Navegamos rápidamente por entre la larga avenida de transportes y en pocos minutos nos hallamos entre los buques de la escuadra brasileña. El Comodoro vino a bordo para saludar al Almirante americano y nos aseguró que ninguna obstrucción militar o de otra naturaleza impediría que siguiéramos hacia arriba hasta la posición paraguaya. El Comodoro era un hombre de modales agradables que había sido educado en la Marina de los Estados Unidos y hablaba el inglés con cierta facilidad. Luego de breves minutos de conversación se alejó en el buque en que había venido, para reasumir sus funciones, que en este momento parece eran de un carácter que podría adecuadamente haber sido asignado a aquella mítica rama del servicio, los "marinos a caballo". Estaba en cargado de pasar la caballería aliada desde el lado paraguayo del río al lado del Chaco, para ser enviada sobre las baterías de Angostura.
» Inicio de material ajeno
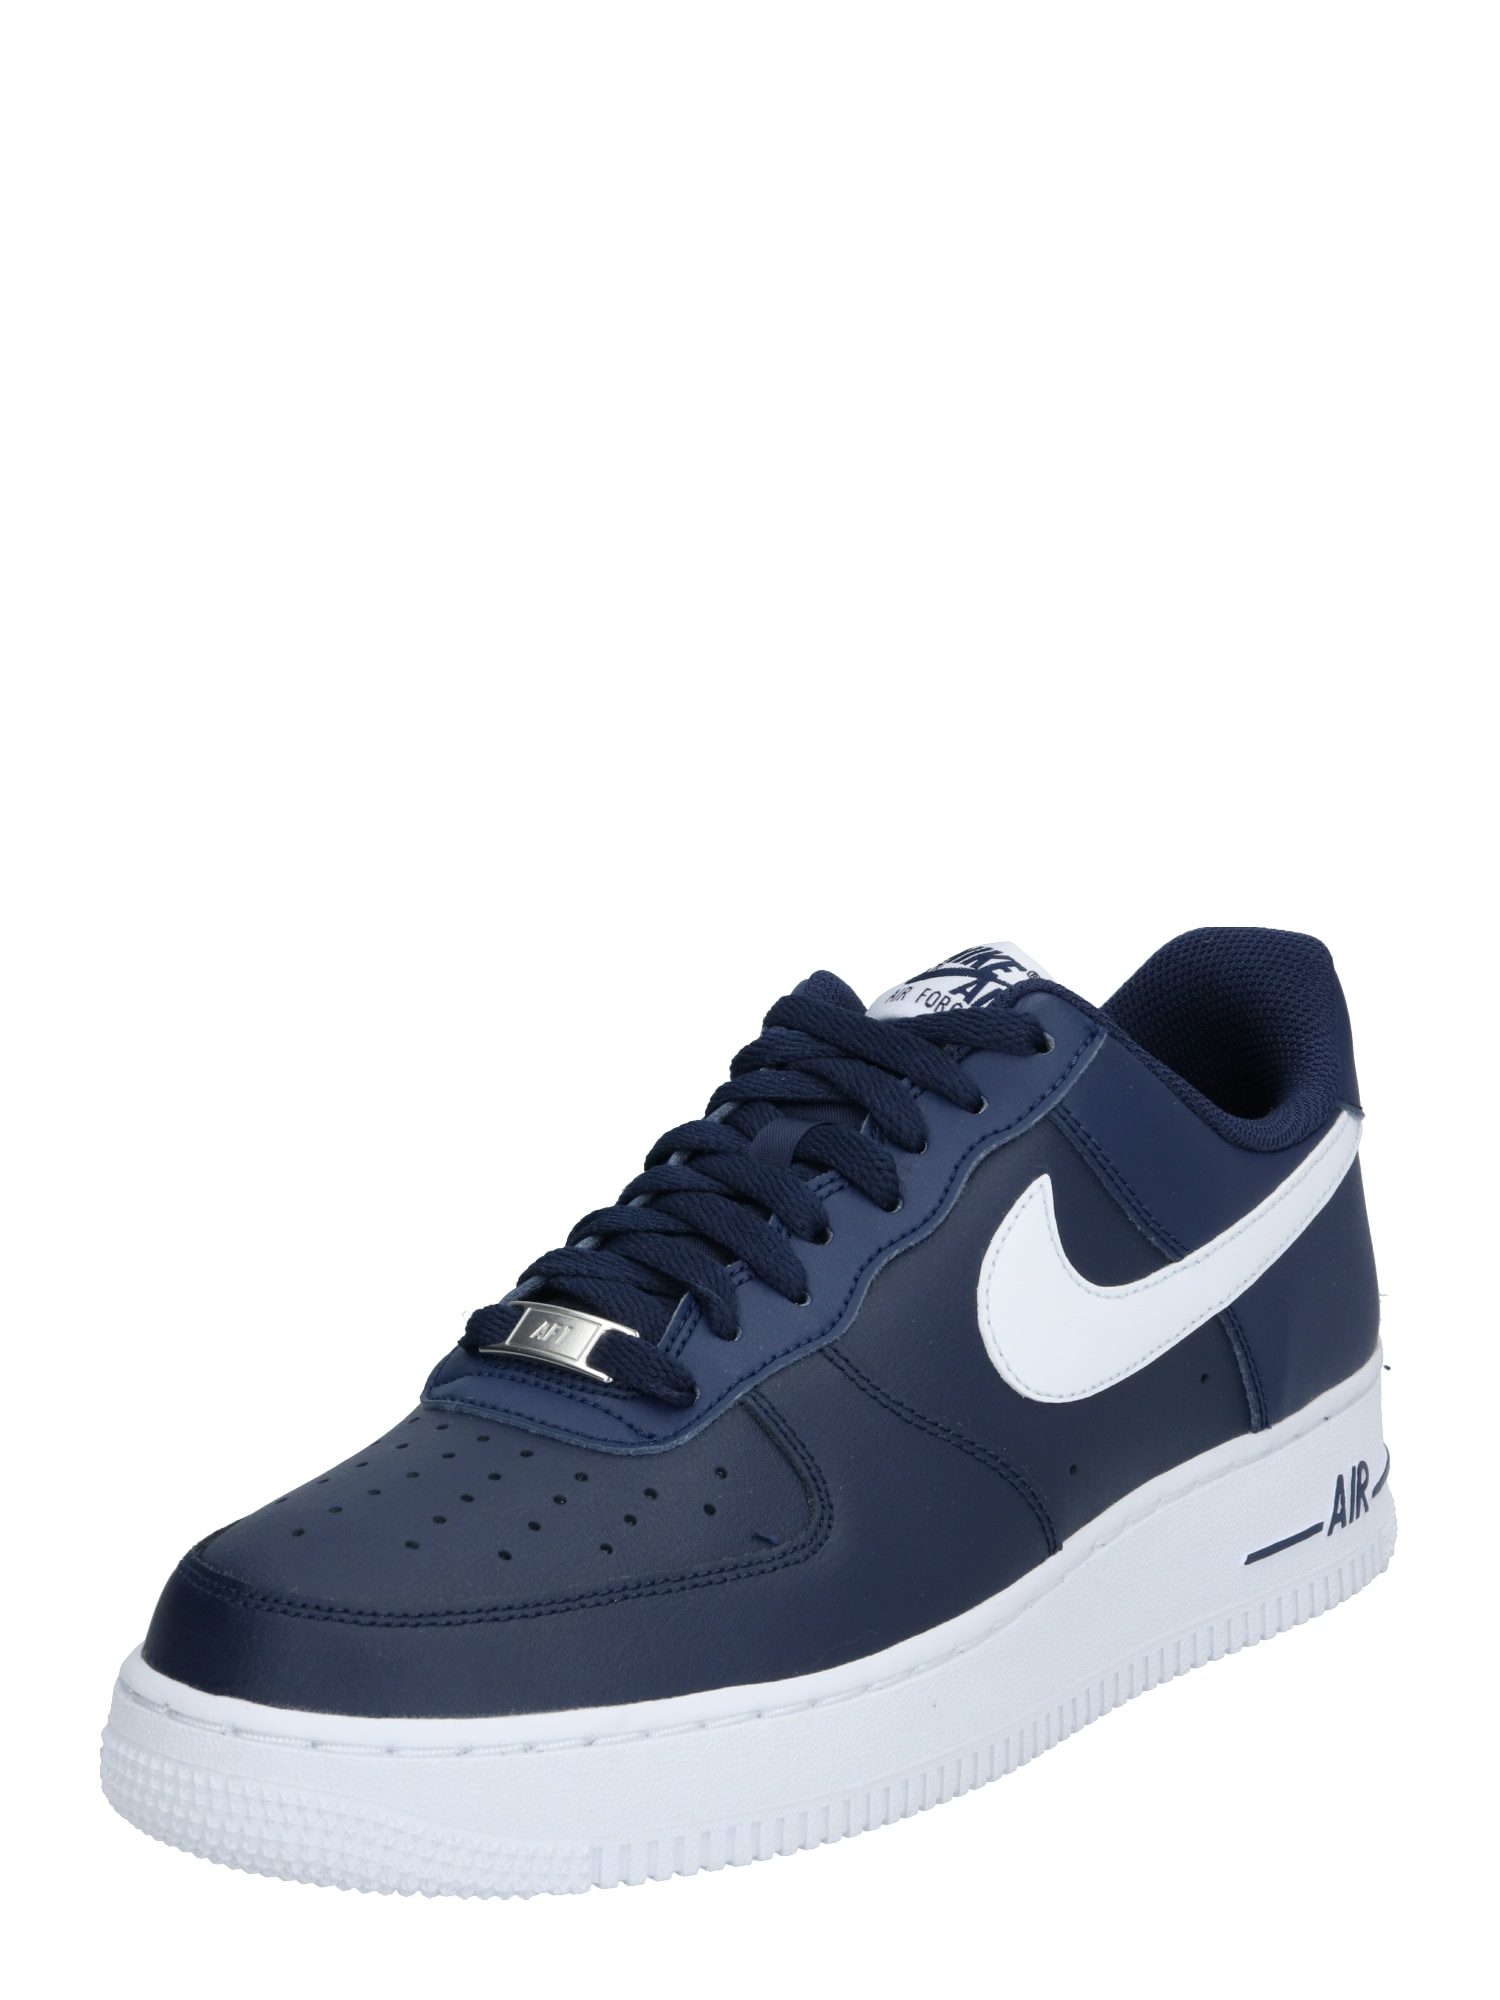 Nike Sportswear Nízke tenisky 'AIR FORCE 1 '07 AN20'  tmavomodrá / námornícka modrá

Proseguimos inmediatamente nuestro viaje y en pocos minutos rodeamos un punto y descubrimos por la primera vez la bandera tricolor paraguaya ondeando sobre estas celebradas baterías. En este punto habían montados dieciséis cañones en el frente del río. Uno era un Whitworth de largo calibre capturado meses atrás del enemigo en circunstancias que ilustrarán sobre el modo de hacer la guerra del Ejército Paraguayo, mejor que páginas de descripción. En Paso Pucú los aliados habían mantenido un fuego durante muchos días con sus noches en la posición paraguaya. Este cañón Whitworth era su pieza más formidable y abrumadora. López dio órdenes de que las balas fueran cuidadosamente recogidas a medida que caían. En el curso del tiempo había lanzado dos mil proyectiles todos los cuales fueron recogidos cuidadosamente López fue informado respecto al hecho a raíz de cuya información ordenó la salida de una expedición que iría a traerle el cañón. Él grupo comenzó y tomó por asalto esa parte de los trabajos aliados, trayendo todos los cañones montados en el lugar. Sin embargo, siendo el Whitworth pesado y difícil de manejar, y no conociendo los oficiales de la expedición su valor especial, fue abandonado en terreno pesado fuera de la línea aliada. Una vez en conocimiento de este hecho el Presidente López despachó otro grupo que encontró al enemigo embarcado en la tarea de recuperar el cañón. Los paraguayos los rechazaron, retomaron la pieza y regresaron en triunfo a sus líneas, donde, el día siguiente abrió fuego con los mismos proyectiles que durante semanas había estado proporcionando a sus nuevos dueños. Las pérdidas sufridas por el Paraguay en esta expedición fueron muy grandes, pero ellos obedecían las órdenes al pie de la letra.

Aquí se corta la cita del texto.